TYPEMB DM_mBlipEnv 0 1 1 5 5 Ta Ta - the integers, in order, are:

  • 0 - L, the maximum orbital angular momentum (see above);

  • 1 - size(CGRIDMB), number of radial Gaussian centres;

  • 1 - size(SGRIDMB), number of radial Gaussian widths;

  • 5 - size(CEMBFUNC), number of embedding blip centres;

  • 5 - size(SEMBFUNC), number of embedding blip widths;

followed by the element pair the descriptor block applies to (Ta Ta). CGRIDMB / SGRIDMB must have size 1 - the dimension-expanding blip embedding needs a single radial basis function; the descriptor output dimension comes from CEMBFUNC / SEMBFUNC instead.

Density range and WATOM

With the radial basis in config.train (CGRIDMB = 2.88, SGRIDMB = 8.0, RCUTMB = 5.0, Cut_Cos) the raw per-atom density of this dataset has a median of ~3.24. The WATOM key applies a per-species weight to every neighbour’s contribution to rho; WATOM = 0.309 (i.e. 1/3.24) rescales the density so it is ~1. After scaling the per-atom density lies in rho ~ [0.89, 1.10] with median ~1.00.

Choosing the blip basis (CEMBFUNC / SEMBFUNC)

The blips must give an embedding F(rho) that is finite for every rho > 0 and goes to zero only at rho = 0. Two facts drive the choice:

  • A blip contributes nothing outside its rho-support mu +/- 2/eta. If no blip has support at a given rho, the embedding is identically zero there - a flat dead zone.

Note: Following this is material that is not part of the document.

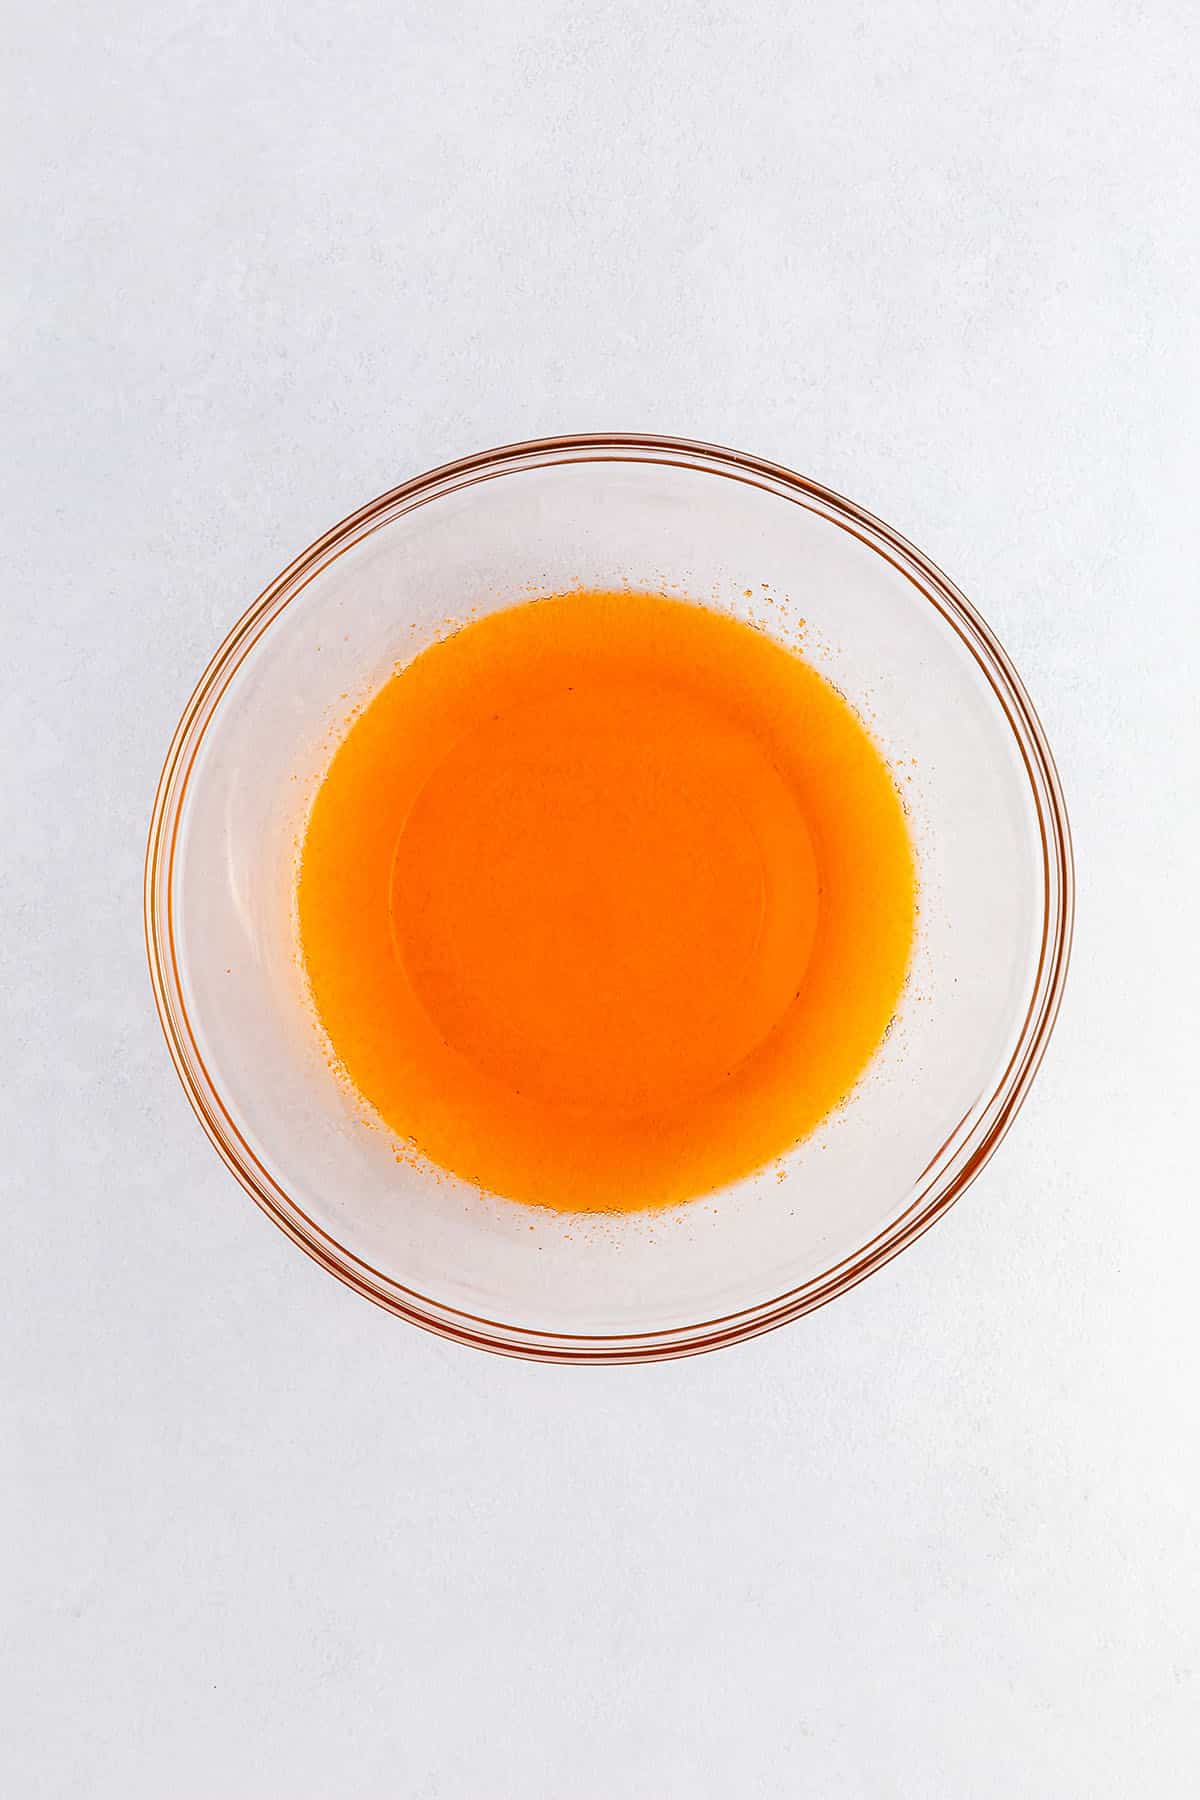 Jell-O mix with water in orange liquid color

  • A linear fit can only constrain a blip whose support overlaps the data band (rho ~ 0.89-1.10). A blip with no data overlap gets a zero weight from the regulariser, so adding narrow low-rho blips does not remove the dead zone - they are simply zeroed.

The fix is to make the blips wide: SEMBFUNC = 2.0 gives each blip a support of width 4/eta = 2.0. Every blip in CEMBFUNC = 0.5 0.75 1.0 1.25 1.5 then overlaps the data band (so its weight is fit from data) and the lower blips reach all the way down to rho = 0. The fitted F(rho) is consequently finite and non-zero for all rho > 0.

These wide blips give a non-zero embedding at rho = 0 itself, and RCUTENV = 0.6 is exactly what cancels it: the Cut_SinInv envelope ramps from 0 at rho = 0 up to 1 at rho = RCUTENV, smoothly pulling F -> 0 as rho -> 0. RCUTENV = 0.6 lies below the data band, so the envelope is saturated to 1 across rho ~ 0.89-1.10 and does not reshape the fit where training data is present.

Training

tadah train -c config.train -v 2

The expected output ends with a trained pot.tadah potential file in the working directory (a 5-column design matrix, one column per blip).

Prediction

To verify the round-trip, predict back on the training set:

tadah predict -p pot.tadah -d tdata.db -v 2 -A

-A prints RMSE / R^2 analytics.

Expected results

The dataset is a near-uniform set of thermal bcc-Ta snapshots, so the total energy spread is tiny (standard deviation ~7.3 meV/atom). On this set the configuration above gives roughly:

  • Energy R^2 ~ 0.70

  • Energy RMSE ~ 4.0 meV/atom

i.e. the descriptor captures most of the (small) energy variance. This is a genuine, working fit - the descriptor block is non-zero and informative.

A caveat on the embedding tails: this dataset only samples rho ~ 1 (dense bcc environments). The fitted F(rho) is finite and non-zero for all rho > 0 - there is no dead zone - but its shape away from rho ~ 1 is set by the wide-blip basis and the regulariser, not by data. The values of F at low and high rho are therefore a smooth extrapolation, not a physically constrained embedding; pinning those regions would need training structures that actually sample low- and high-density environments (surfaces, vacancies, dimers, compression). For high-accuracy fits on this dataset the two-body D2_Blip baseline in ex_1 remains a strong choice.